История разворачивалась плавно, будто он рассказывал ее в самых темных уголках своего сознания сотни раз, в чем я не сомневалась. История, в которой поровну горечи и гордости. Он хотел, чтобы я услышала именно это – рассказ о победе его хитрости и терпения, но существовала и другая часть истории, которую, как знала, он не хотел мне раскрывать. О его мучительной потребности. Она бурлила в нем.

Презрение. Теперь знала, почему он сказал, что понимает меня. Презрение было удушающей лозой, обвивавшей его. Я слушала, кивая, даже когда меня бросало в дрожь от осознания глубины его зависти. Ее корни уходили глубже, чем ожидала. План формировался в его голове с двенадцати лет и с течением времени менялся. Став для него навязчивой идеей. На одиннадцать лет.

– Вы были еще ребенком, – сказала я, стараясь не показаться шокированной.

– Успешные планы требуют времени, – ответил он. – Конечно, не мог осуществить ни один замысел, пока мой отец был королем, но всегда знал, что однажды Дозор Тора, биржа, все это будет моим, но не мог ничего сделать, пока мой отец не умер.

– Вы убили…

– Своего отца? Нет. Просто повезло. Так понял, что боги не хотели, чтобы я ждал. Они желали, чтобы все принадлежало мне, а когда встретил Бофорта, осознал, что боги ждут от меня большего.

Боги благоволили Монтегю? Какая удача для него. Сомневалась, что он сам в это верит, но ему требовалось создать иллюзию своей правоты, абсолютной истинности своего плана. Если бы он повторил свою историю достаточно раз, она превратилась бы в правду.

– Вы уже правите Эйсландией, и у вас есть крепость в Парсусе. Разве этого недостаточно?

Он усмехнулся.

– Крепость – смелое слово для небольшого дома со сквозняками. Тебе не довелось побывать в Парсусе, верно?

– Нет.

Он рассказал, что его отец распределял свое время между тремя фермами, которыми Монтегю владели на протяжении многих поколений: одна в Парсусе и две на возвышенностях недалеко от Хеллсмауса, где разводили овец и выращивали сельскохозяйственные культуры. Эти три хозяйства едва позволяли прокормиться и платить немногим наемным рабочим. Скудные налоги, которые собирал его отец, шли на оплату небольшого штата чиновников, а казна всегда была пустой. Я спросила о его матери, и он ответил, что никогда не знал ее – она умерла, когда он был еще ребенком. В доме жили только он, его отец и несколько рабочих, которые приходили и уходили. Такая одинокая жизнь.
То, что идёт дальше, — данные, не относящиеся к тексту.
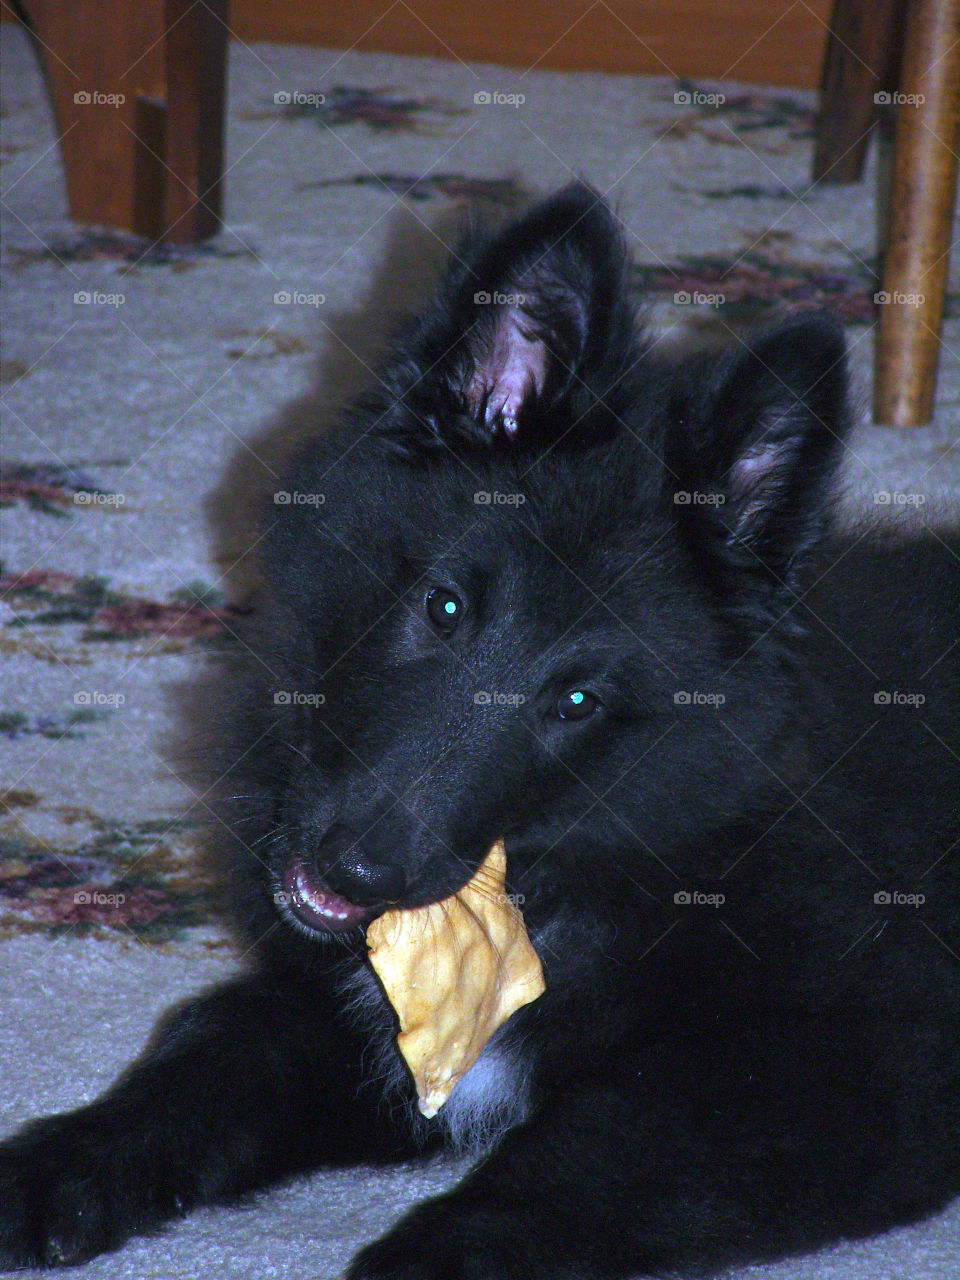 Dog with chip

– А потом, когда мне было двенадцать, я вместе с отцом посетил биржу Белленджеров. Тогда там собиралось гораздо меньше народу, в основном фермеры, но для меня она все равно казалась огромной. Я стоял с широко раскрытыми глазами. – Его ноздри раздувались, будто собственная наивность раздражала его. Он выпил еще. Неужели он высмеял себя? Зеленого юнца, изображавшего короля? – Я никогда не видел столько торговцев и столько товаров в одном месте. Каждый уголок наполняли шум, еда и возможности. Воздух трещал. Я не мог поверить. Весь мир был у каждого под рукой – кроме, разве что, короля и его сына.

Карсен Белленджер проводил экскурсию для моего отца. Я шел позади, вместе с другими Белленджерами. Джейсу в то время было семь или восемь, сопляк, который даже не знал, сколько у него возможностей. Карсен долго рассказывал об истории Белленджеров, пытаясь убедить моего отца, что они были первой семьей Эйсландии, приехавшей сюда задолго до Монтегю. Мой отец попросил показать ему хранилище со всей историей, написанной там, и знаешь, что Карсен сказал?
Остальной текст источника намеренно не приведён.